Fathers Say Terrorists Recruited College Student To Murder U.S. Solider

Two fathers have teamed up to make a controversial documentary about an act of terrorism that claimed the life of one man's son and put the other's behind bars.

In the documentary, "Losing Our Sons," Daris Long and Melvin Bledsoe tell the story of how their lives were inextricably linked and changed forever. Long's son, Andy, was a private in the U.S. Army. Bledsoe's son, Carlos, was a student at Tennessee State University before he moved to Yemen, changed his name to Abdul Hakim Mohammed and started to study with the Taliban.

On June 1, 2009, Carlos Bledsoe killed Andy Long outside an Army recruiting office in Arkansas. Later, Bledsoe was sentenced to life in prison.

"This is a story that needs to get out. It's here," Long told the Associated Press. "Melvin didn't raise his son to kill my son."

The documentary has proved controversial however, because it places the blame for the attack squarely on radical Islam.

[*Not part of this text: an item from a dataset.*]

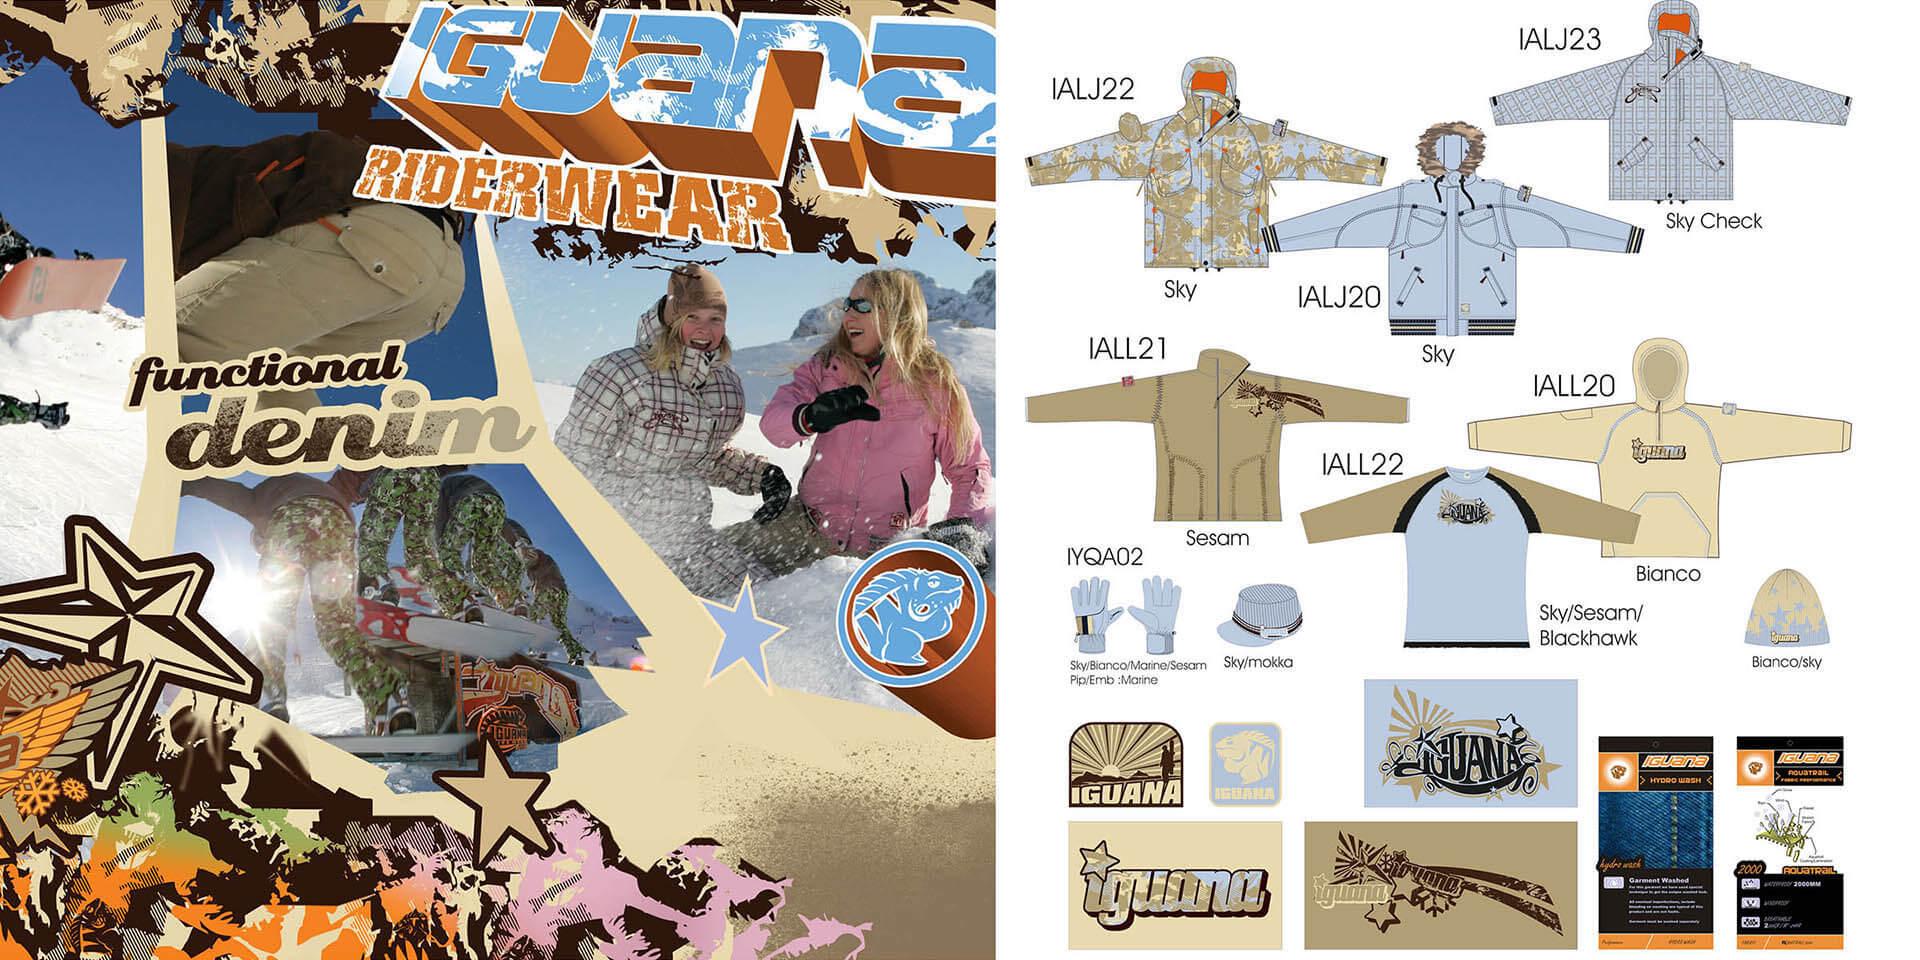 fashion combo 20 6ispo sport fashion ski snowboard race cross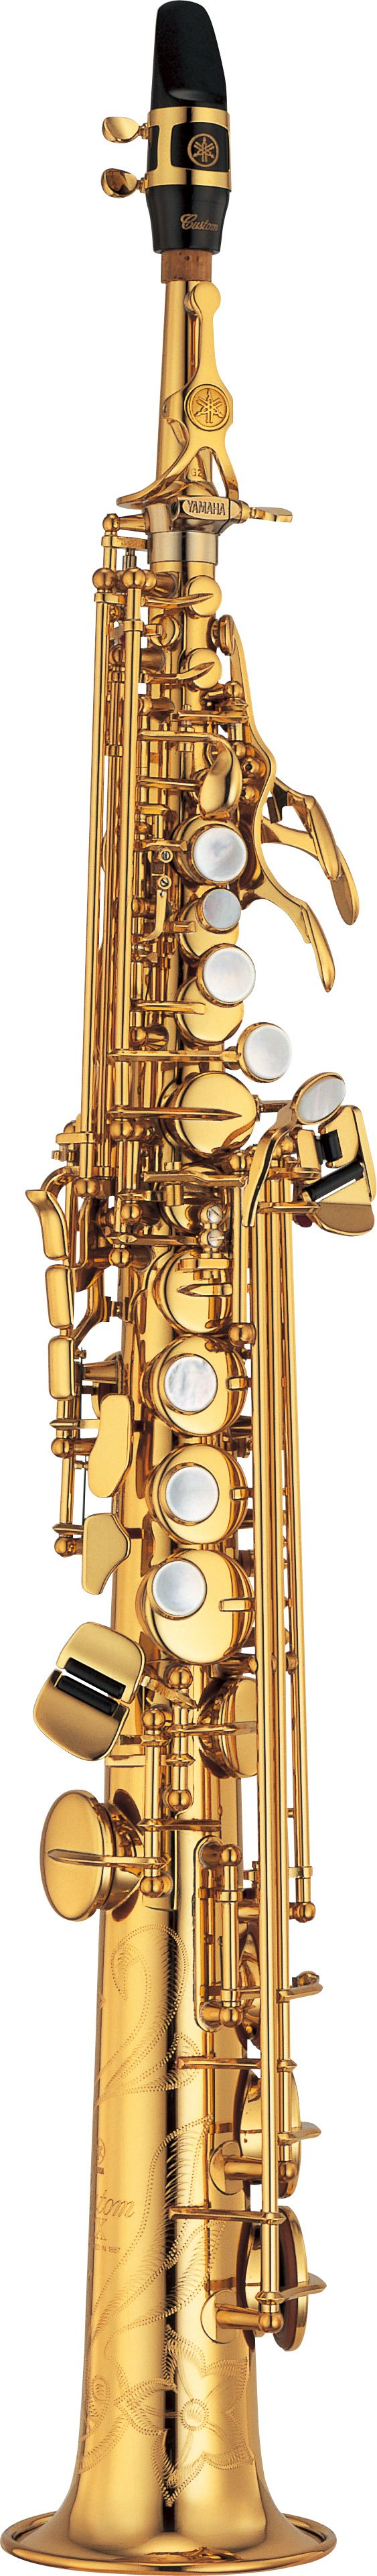 Yamaha - YSS - 875 - EX - gerade - Holzblasinstrumente - Saxophone | MUSIK BERTRAM Deutschland Freiburg

"Radical Islam came into my house, stole my son," Bledsoe told the AP. "The American people and the American government is in denial that it's not happening."

Bledsoe previously criticized the federal government's handling of his son's trial, claiming the FBI had "dropped the ball" with his son, even though the agency had known for sometime that Carlos was being radicalized.

Dr. Nader Hashemi, director of the Center for Middle East Studies at the University of Denver, is more skeptical that so-called "home-grown" terrorism is a prevalent problem. He told the Associated Press that such claims sounded like Islamaphobia.

"It's similar to anti-semitism. It's similar to anti-black racism. It's a claim that somehow Muslims and Islam are a threat," Hashemi said.